▶ Exercise brief: Using the listing below, retype only the lines from the line with "Snow Camo BDU Pants - M, XL" through the end, both ends included, and exclude the pictures.

▶ Dataset extract:
•••

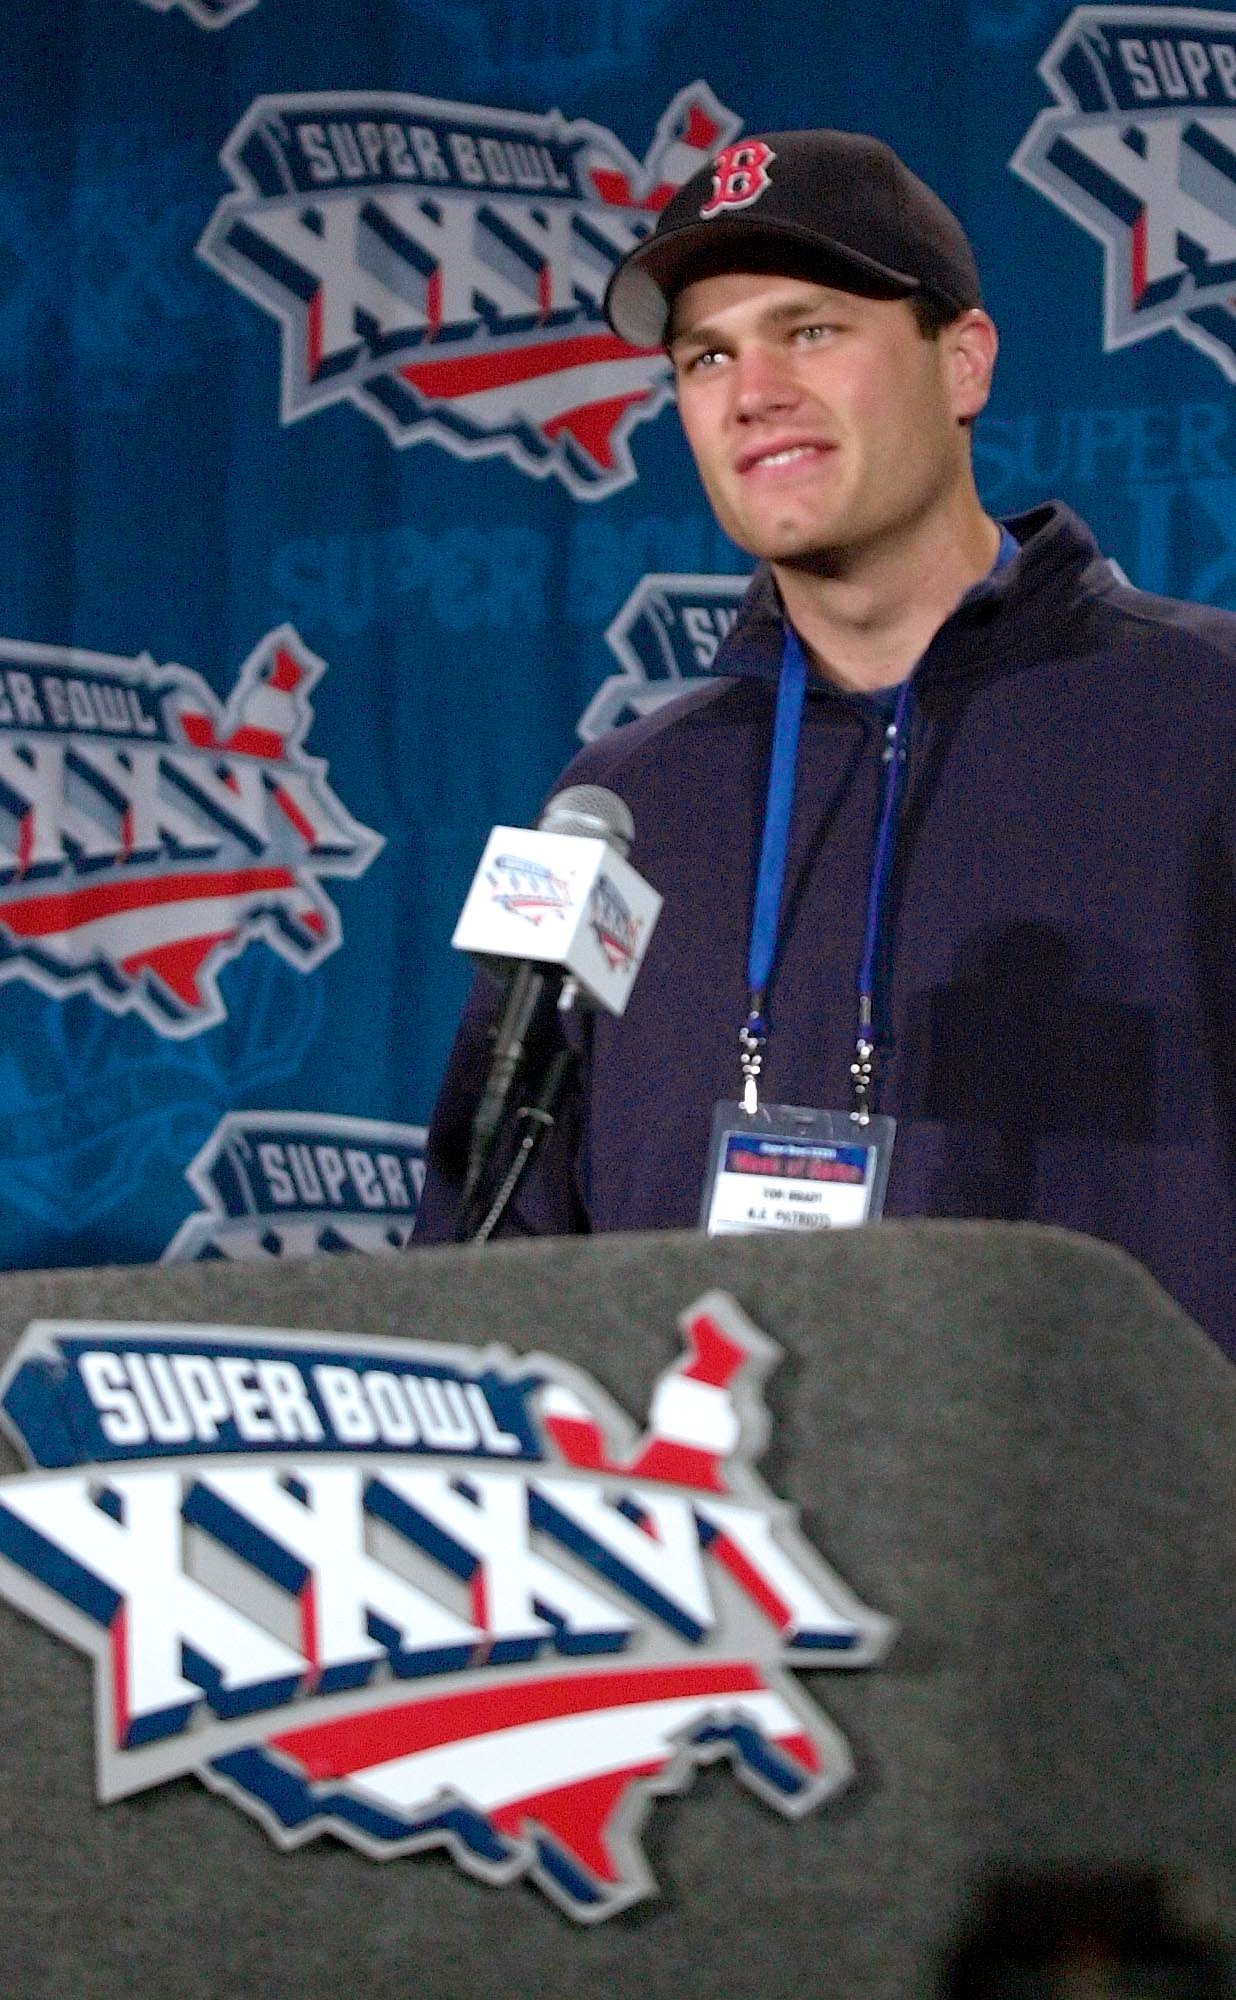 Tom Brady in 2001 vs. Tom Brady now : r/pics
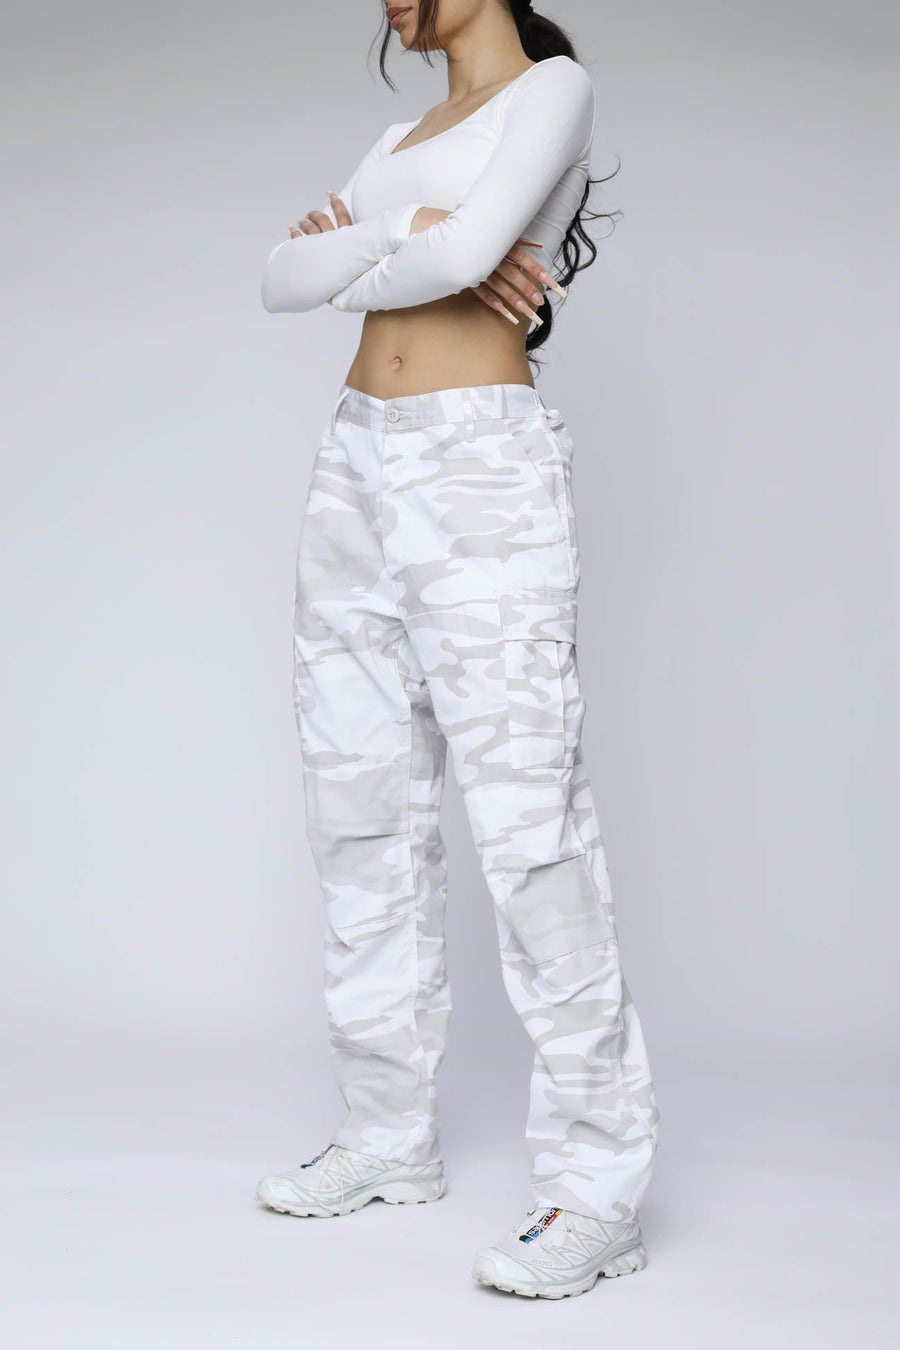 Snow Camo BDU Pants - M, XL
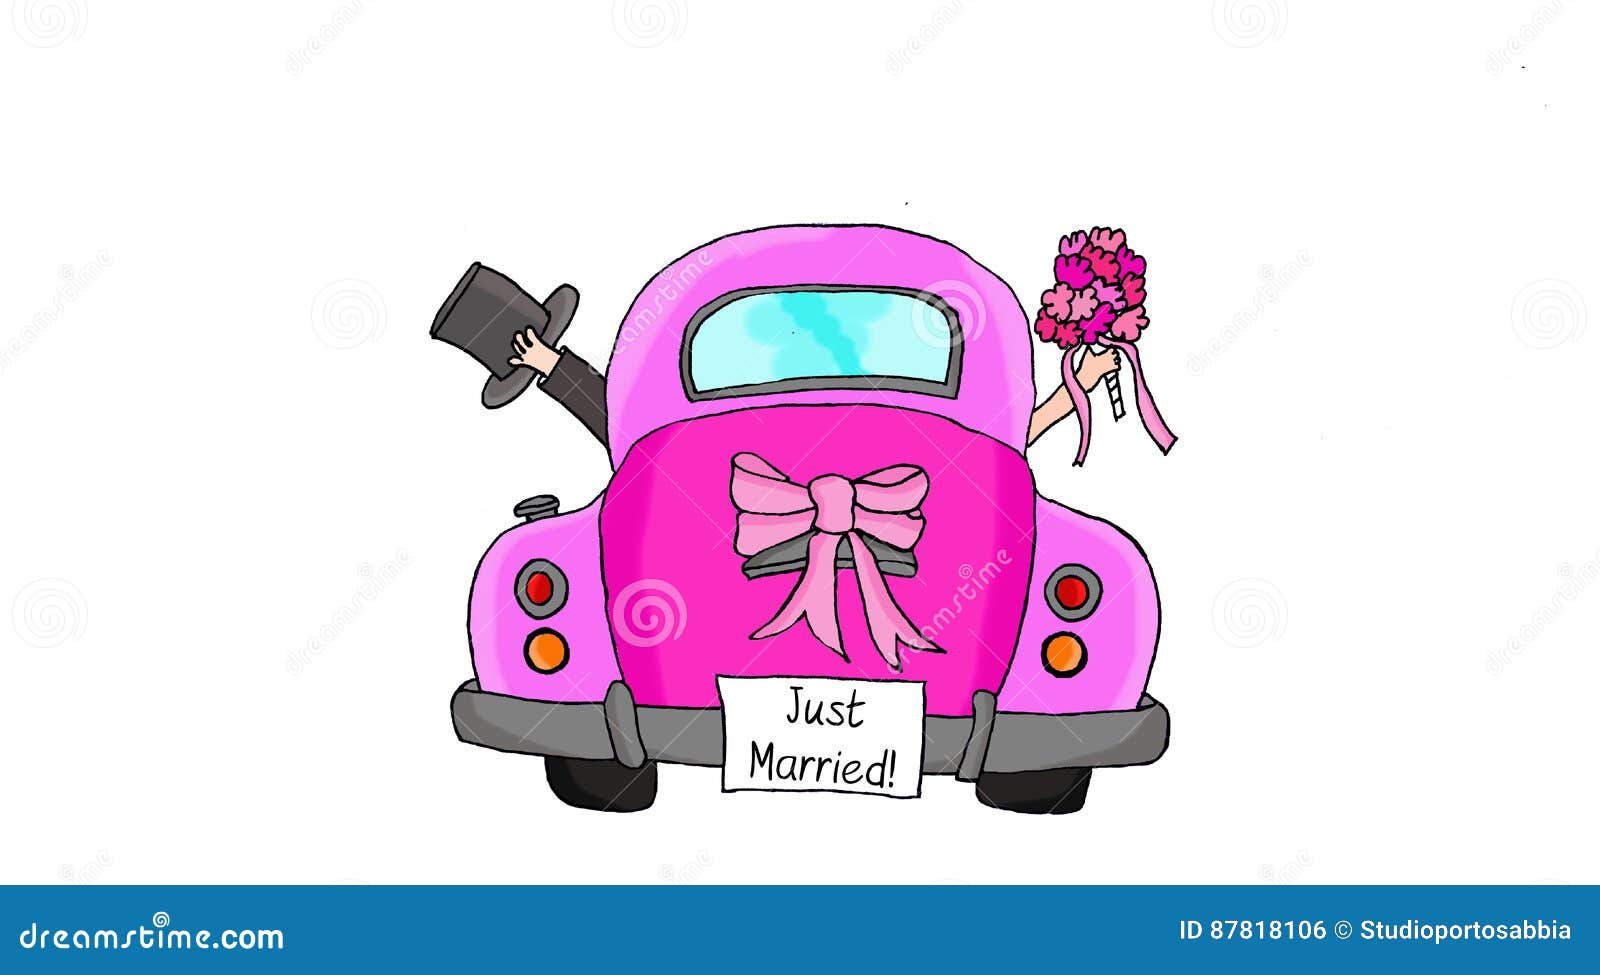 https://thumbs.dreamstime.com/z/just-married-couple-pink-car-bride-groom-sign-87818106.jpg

•••

▶ Answer to the problem:
 Snow Camo BDU Pants - M, XL
 https://thumbs.dreamstime.com/z/just-married-couple-pink-car-bride-groom-sign-87818106.jpg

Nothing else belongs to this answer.